TASK STATEMENT
From the material below, retype exactly the lines that begin at the line with "roll-back technology logo" and end after the line with "revitalizing supreme global"; pictures stay out of the copy.

MATERIALS PROVIDED

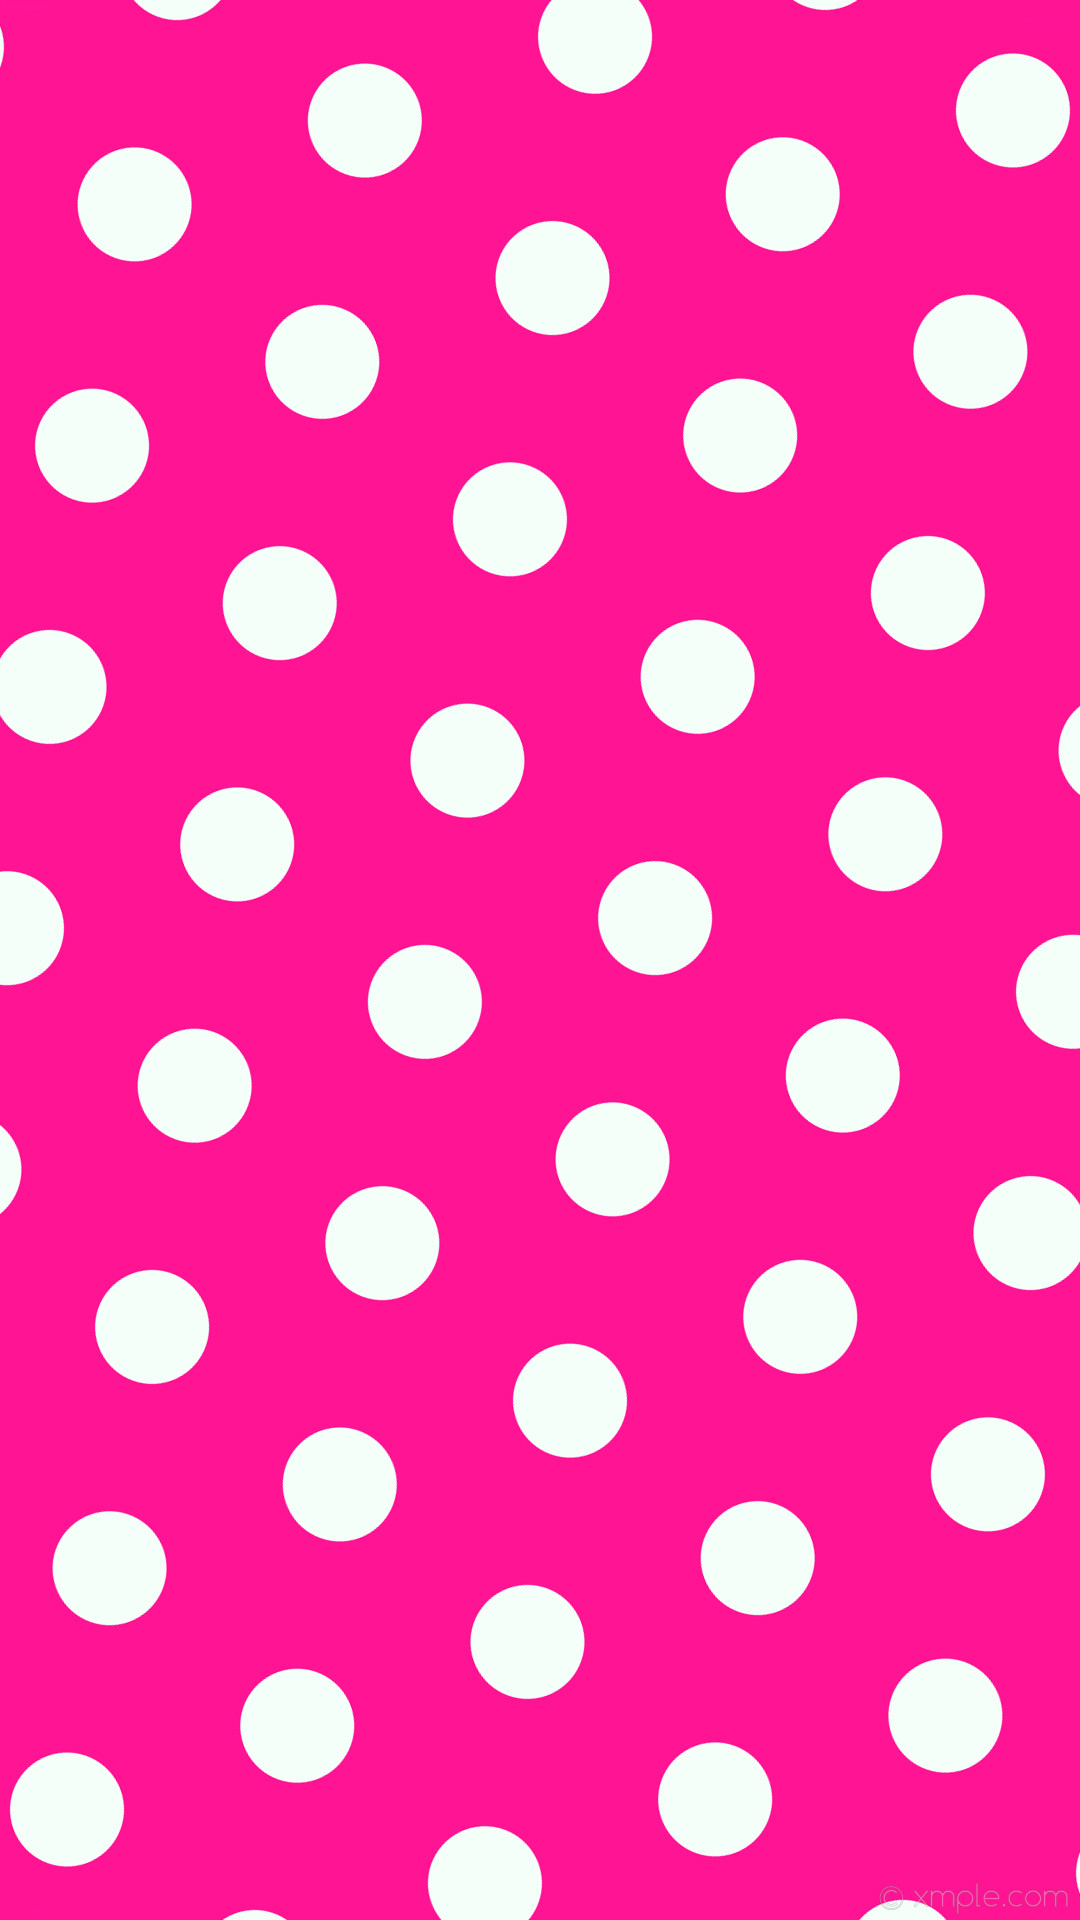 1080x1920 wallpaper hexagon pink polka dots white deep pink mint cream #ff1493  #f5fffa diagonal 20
---
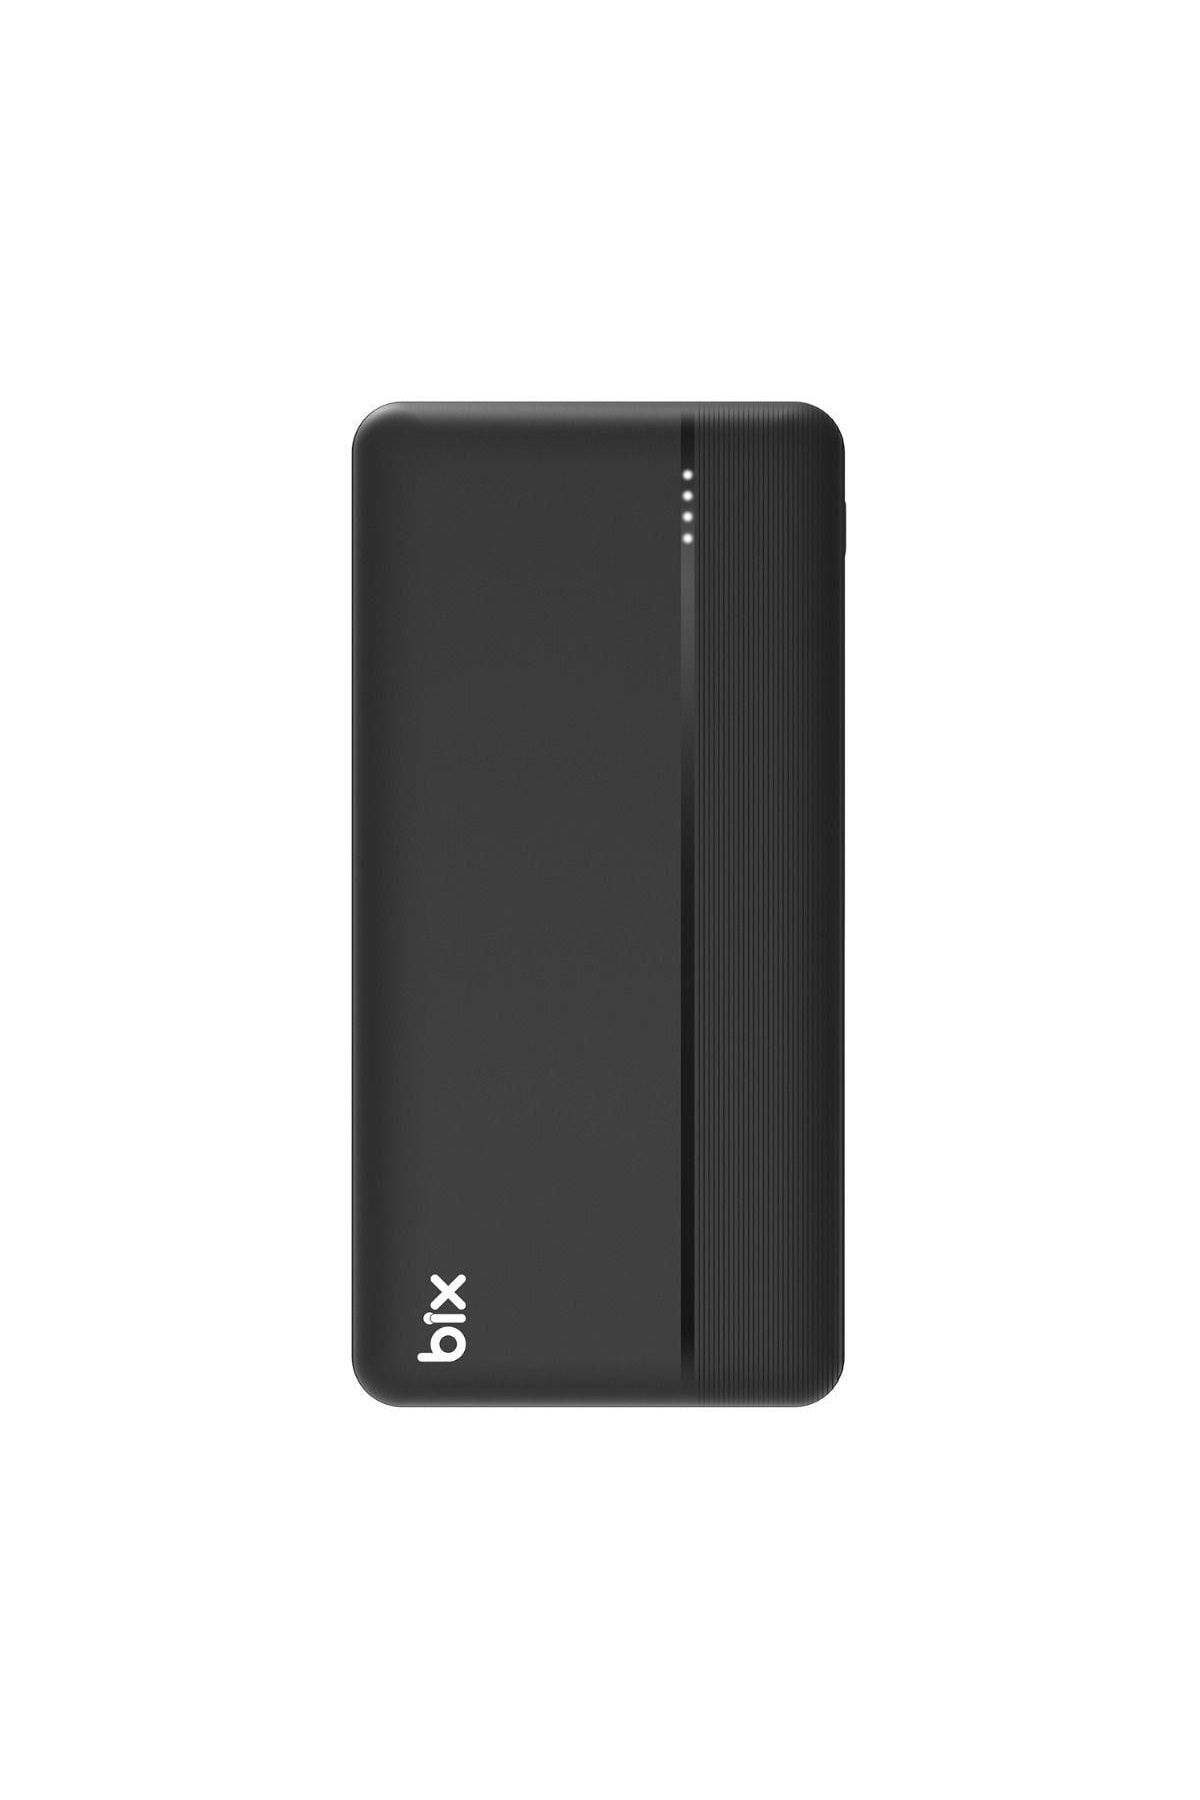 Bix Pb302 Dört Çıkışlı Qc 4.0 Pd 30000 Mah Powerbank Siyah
* * *
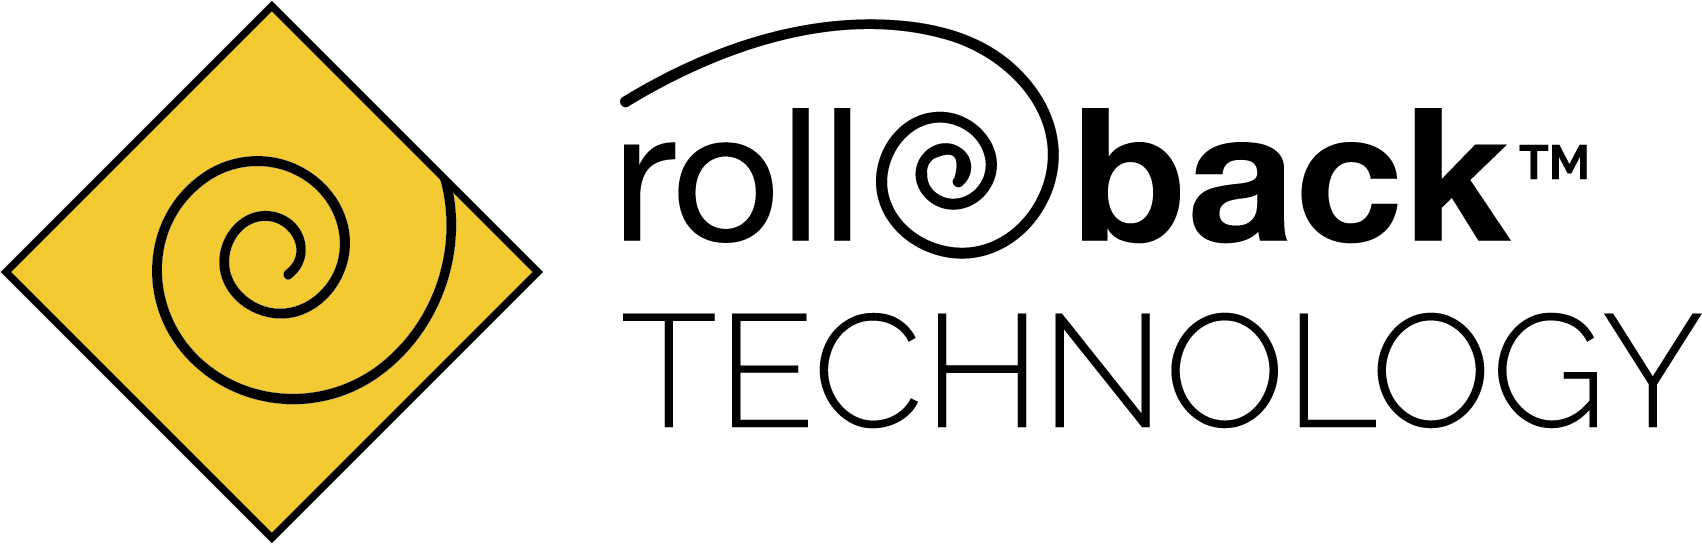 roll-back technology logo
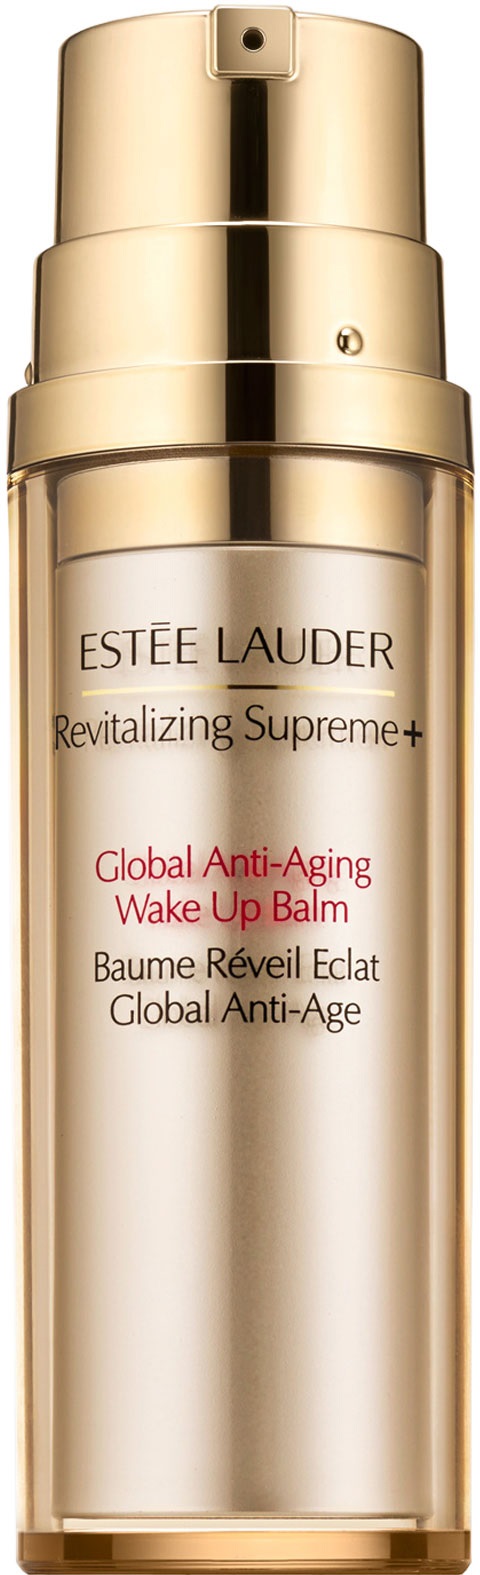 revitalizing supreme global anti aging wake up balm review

REPLY
 roll-back technology logo
 revitalizing supreme global anti aging wake up balm review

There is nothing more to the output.